Mesele baş döndürücü kokuyu alır almaz, fırının başına koşup kapağını açıp, öyle mi böyle mi diye sorarken fırını soğutmamla ilgiliymiş meğer. Bırak işte, kek kabarsın dimi ama. On dakikacık merakımı yensem, nefis kekler yapacakmışım yıllarca oysa.

Şimdi tek tesellim arkadaşımın ilişkisinin bugün bile, benim keklerimin de o günden beri mükemmel bir tat veriyor olması. Az önce fırına attığım 'Islak Kek'in kabarmasını beklerken birden aklıma geldi bu hikayem. İlla başka bir olmadık açıdan bakacağım ya her şeye... Kek pişirmenin püf noktasını da size vereyim istedim.

Hani kek yapmaya niyetiniz olmasa bile ilişki başlatmaya niyetiniz olursa diye...

Hiç bilmediğiniz malzemelerle kek yapmaya veya yeni bir ilişki başlatmaya kalkışırsanız dikkatli olun, sırayla koyun herşeyi kaba. Unu hemen boca etmeyin. Önce eleyin iyice havalansın biraz, varsa çeri çöpü baştan görünsün. Hele hele fırına verip kek sıcaklığı hissetmeye başlayınca hamurun kıvamında çok dikkatli olun. Tam kabarmadan meraka kapılıp 'mı acaba?' ile başlayan soruları hiç sormayın. Bu sorular sizi fırının kapağını açıp içine bakmaya zorlar ki. Fırın bir anda soğur, kabaramadan her şey şapa oturur. Bir daha kabarmaz olur. Aynı malzemeyi tekrar sil baştan çırpıp kaba koymak gelmez içinizden. O ilk hevesten eser kalmaz. Yeniden ya da yenisini yapmaya cesaretiniz de.

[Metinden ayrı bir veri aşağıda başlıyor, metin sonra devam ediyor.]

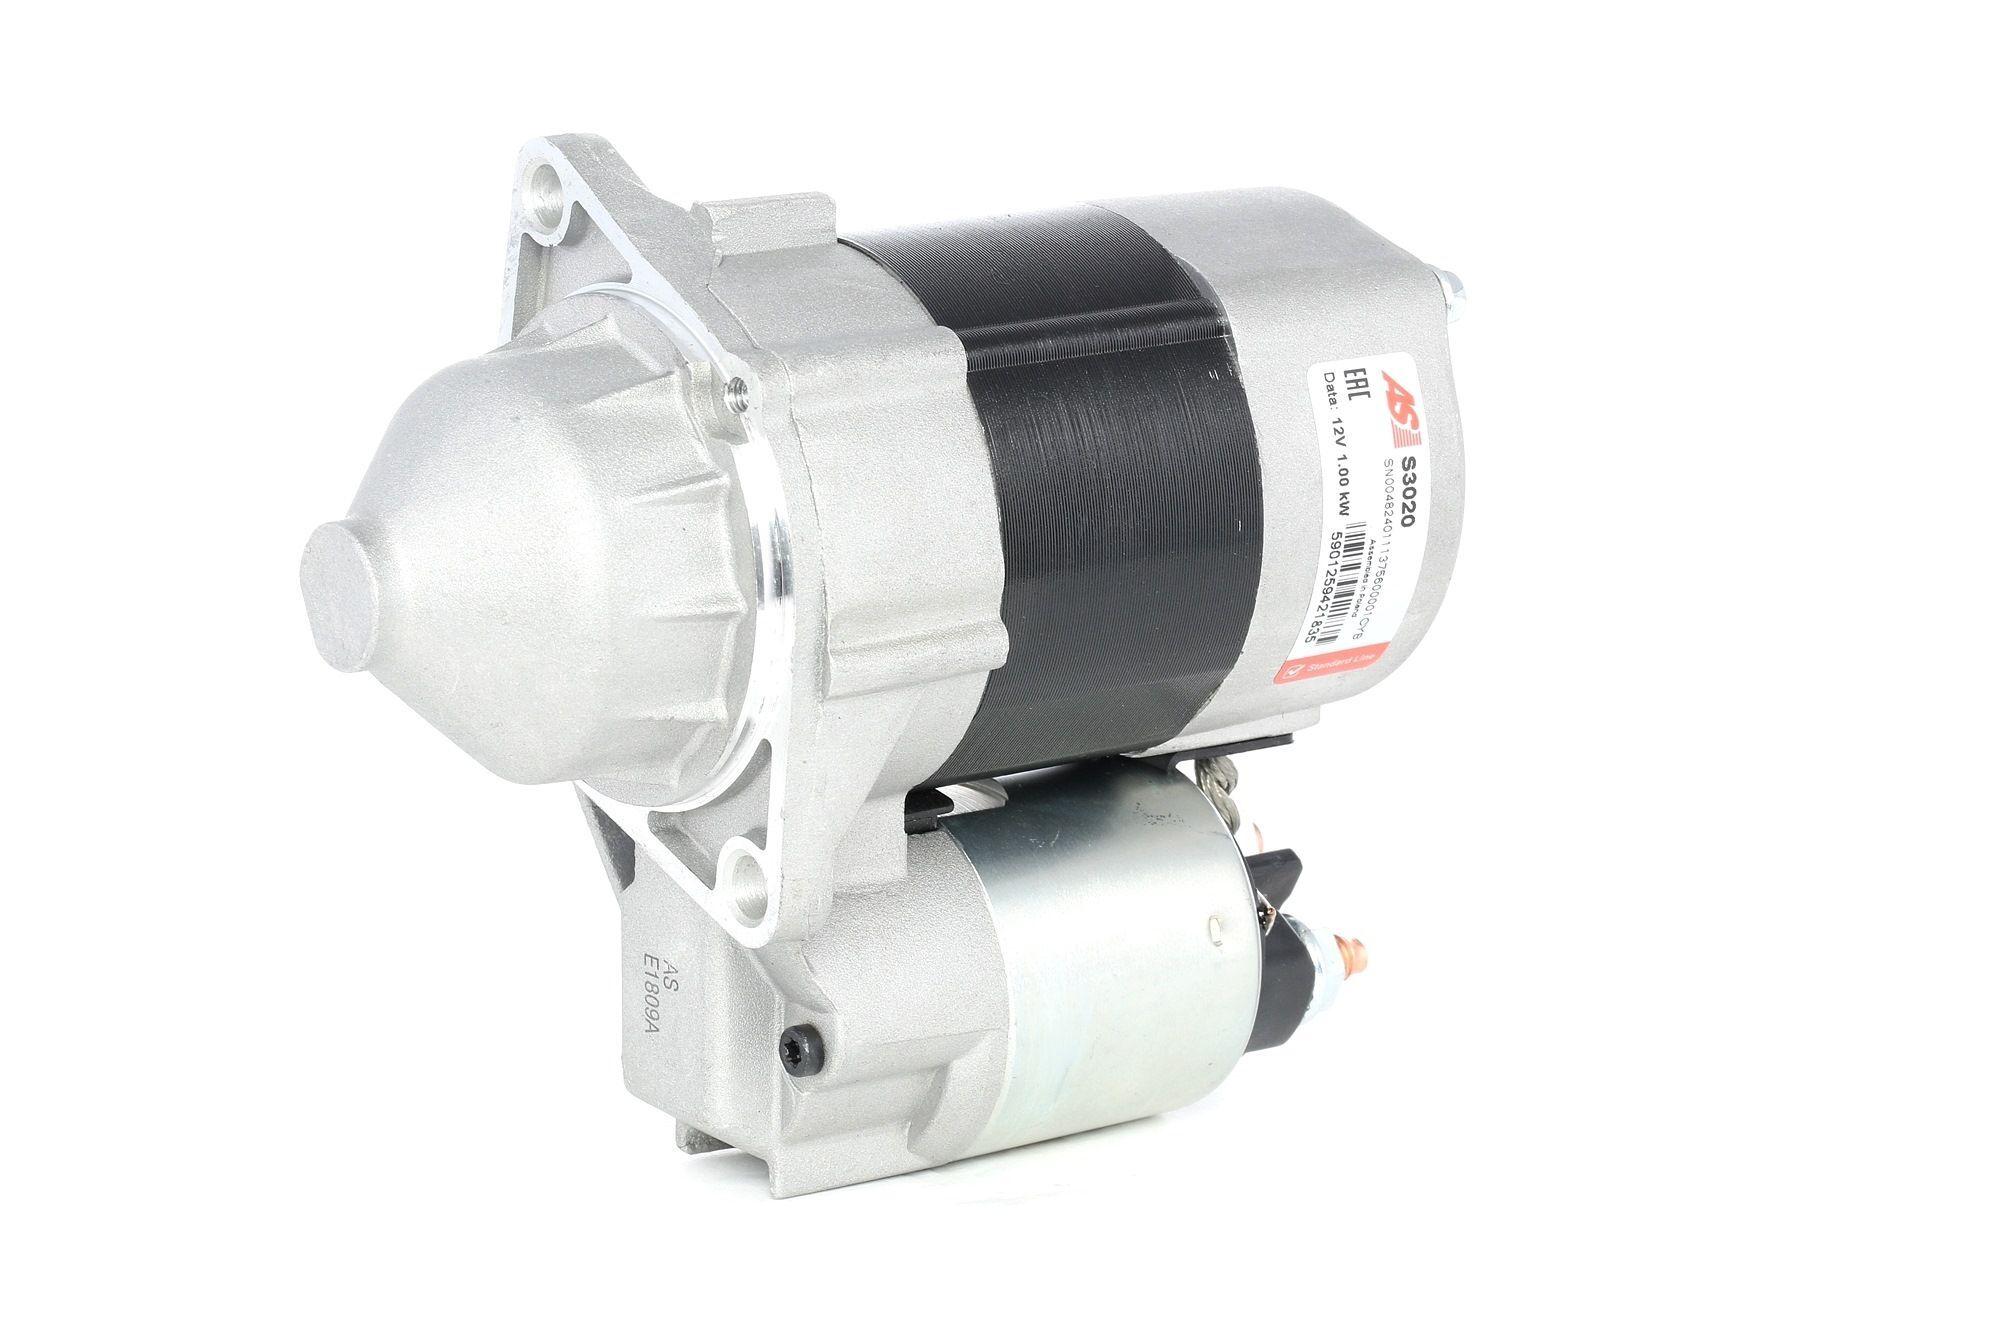 AS-PL Starttimoottori Brand new AS-PL Alternator SG12B040 S3020 Startti,Käynnistinmoottori MERCEDES-BENZ,A-CLASS W169,A-CLASS W168,B-CLASS W245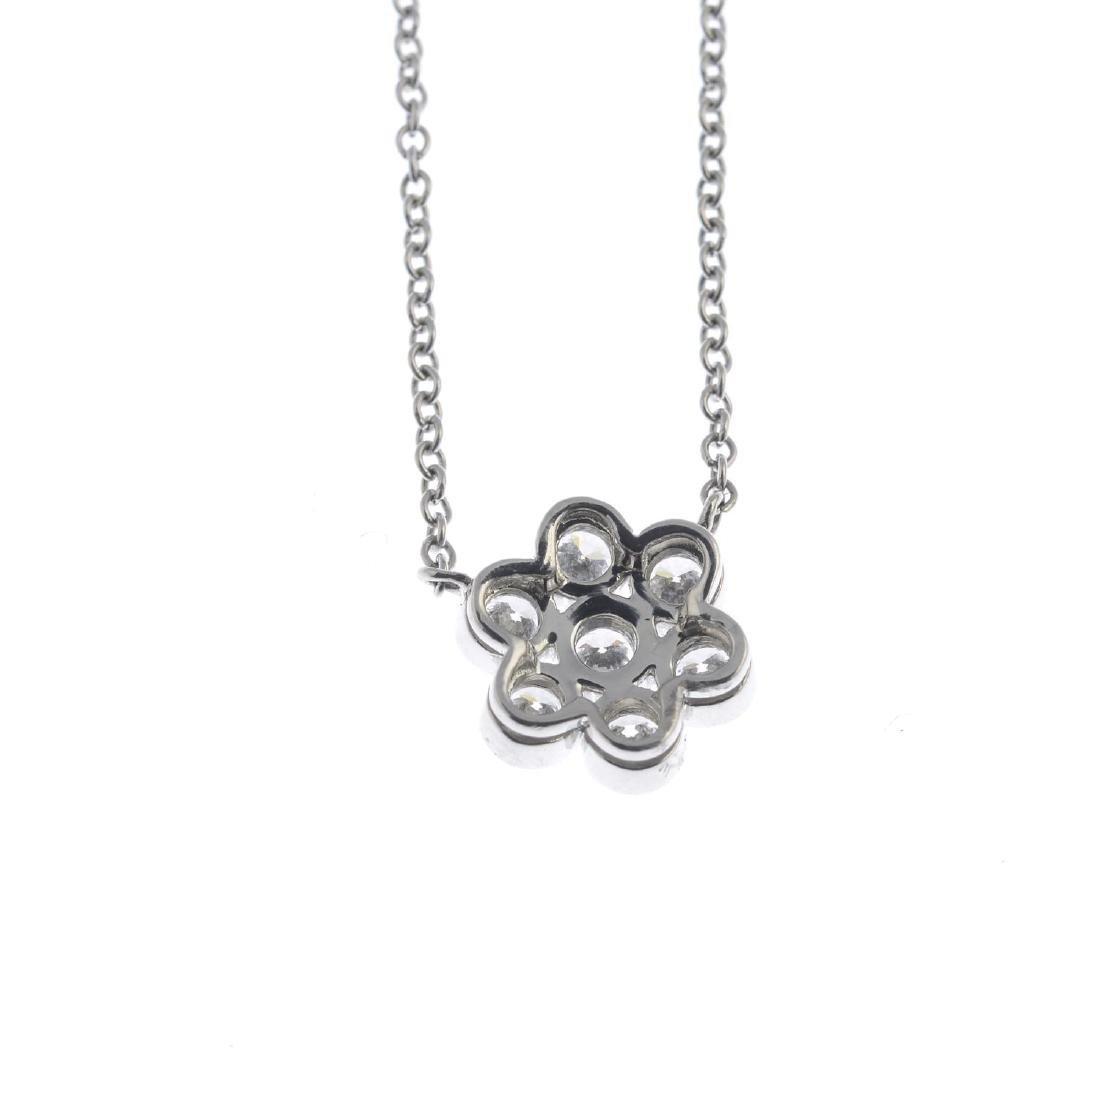 TIFFANY & CO. - a diamond 'Enchant' cluster necklace. - 2

Tekrar söylüyorum, başında ısısının ayarını bozmayın ne kekin, ne de ilişkinin. Biraz bekleyin hele. Güzelce kabarsın kabarabiliyorsa... Kıvamında pişeceği varsa pişsin.
Acele etme!!! Bir tadına bak hele... Beğenmezsen hemen at keki çöpe...
Benim kek kabardı, hadi bana müsade... Kıssadan yok böyle hisse...

Püf noktası: Bu tarifi denemeden önce mutlaka tekrar okuyun.